IBM deal cashes out Confluent (CFLT) director’s shares at $31
Rhea-AI Filing Summary
Confluent, Inc. director Gregory George Schott reported dispositions tied to the cash acquisition of the company by International Business Machines Corporation. Under the merger, each Class A share was canceled and converted into the right to receive $31.00 in cash, before taxes.
Schott’s Class A shares, including those held directly and by trust, were returned to the issuer for cash. His restricted stock units were canceled for a cash amount based on the $31.00 per-share price, and a fully vested stock option over 450,944 shares at a $4.71 exercise price was similarly canceled for cash.

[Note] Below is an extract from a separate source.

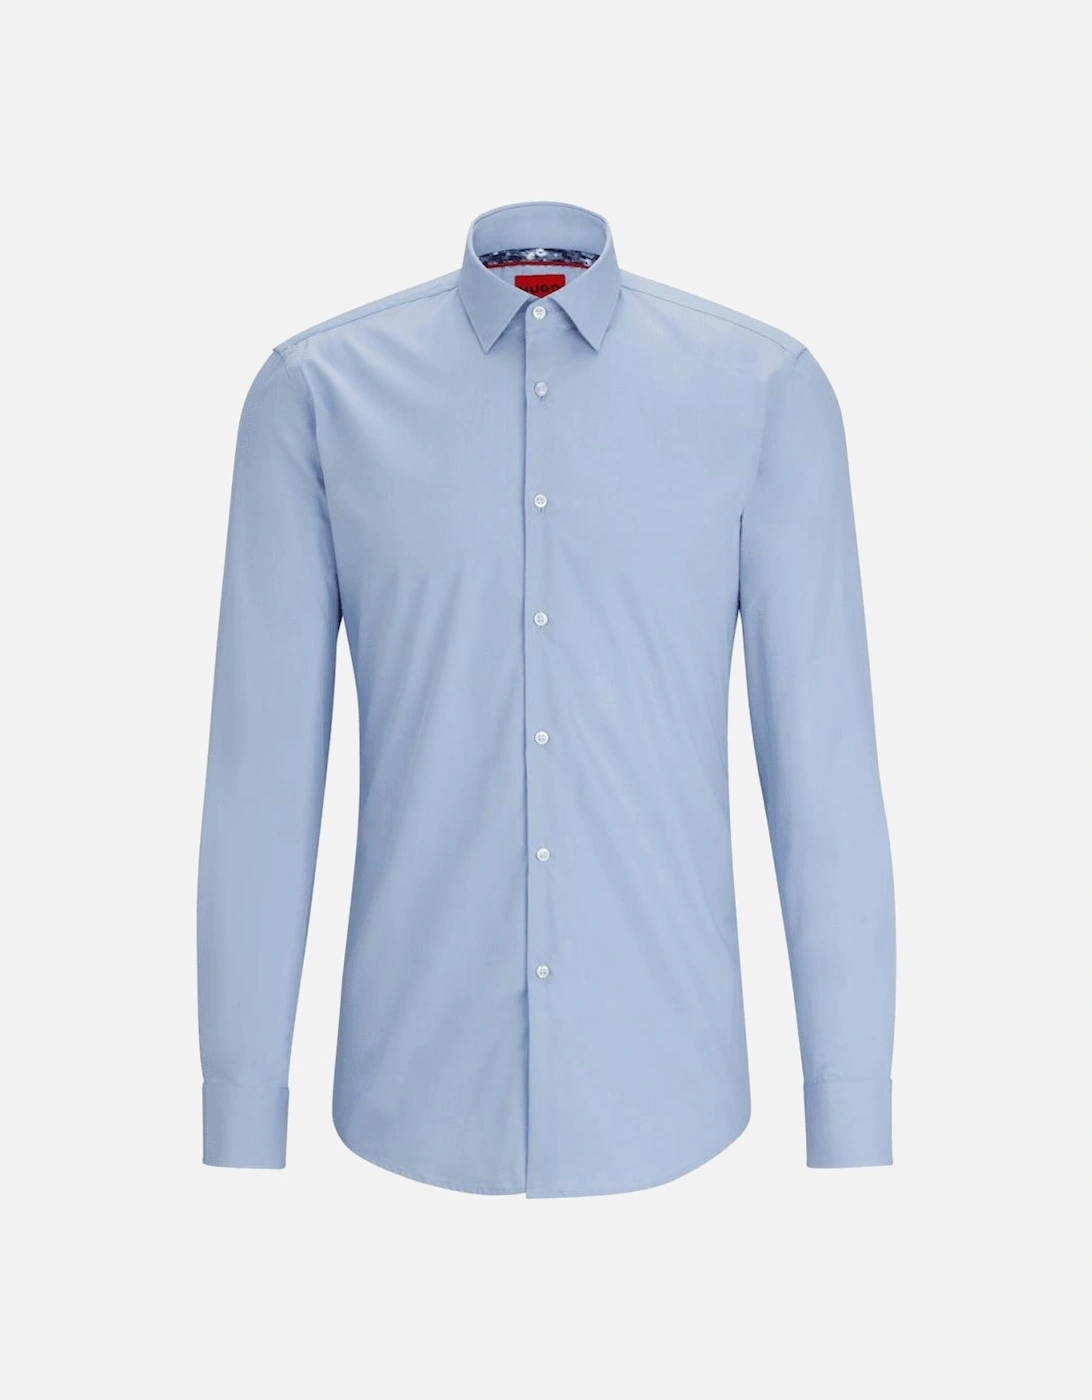 Koey Button Up Long Sleeve Light Blue Shirt, 4 of 3

Following these transactions, the filing shows no remaining shares or options.
Positive
- None.
Negative
- None.
Insights
Director’s equity was cashed out in a merger, not sold on the open market.
The filing shows dispositions to the issuer as part of IBM’s acquisition of Confluent. All Class A shares, RSUs and options held by director Gregory Schott were canceled in exchange for cash using a fixed per-share merger price of $31.00.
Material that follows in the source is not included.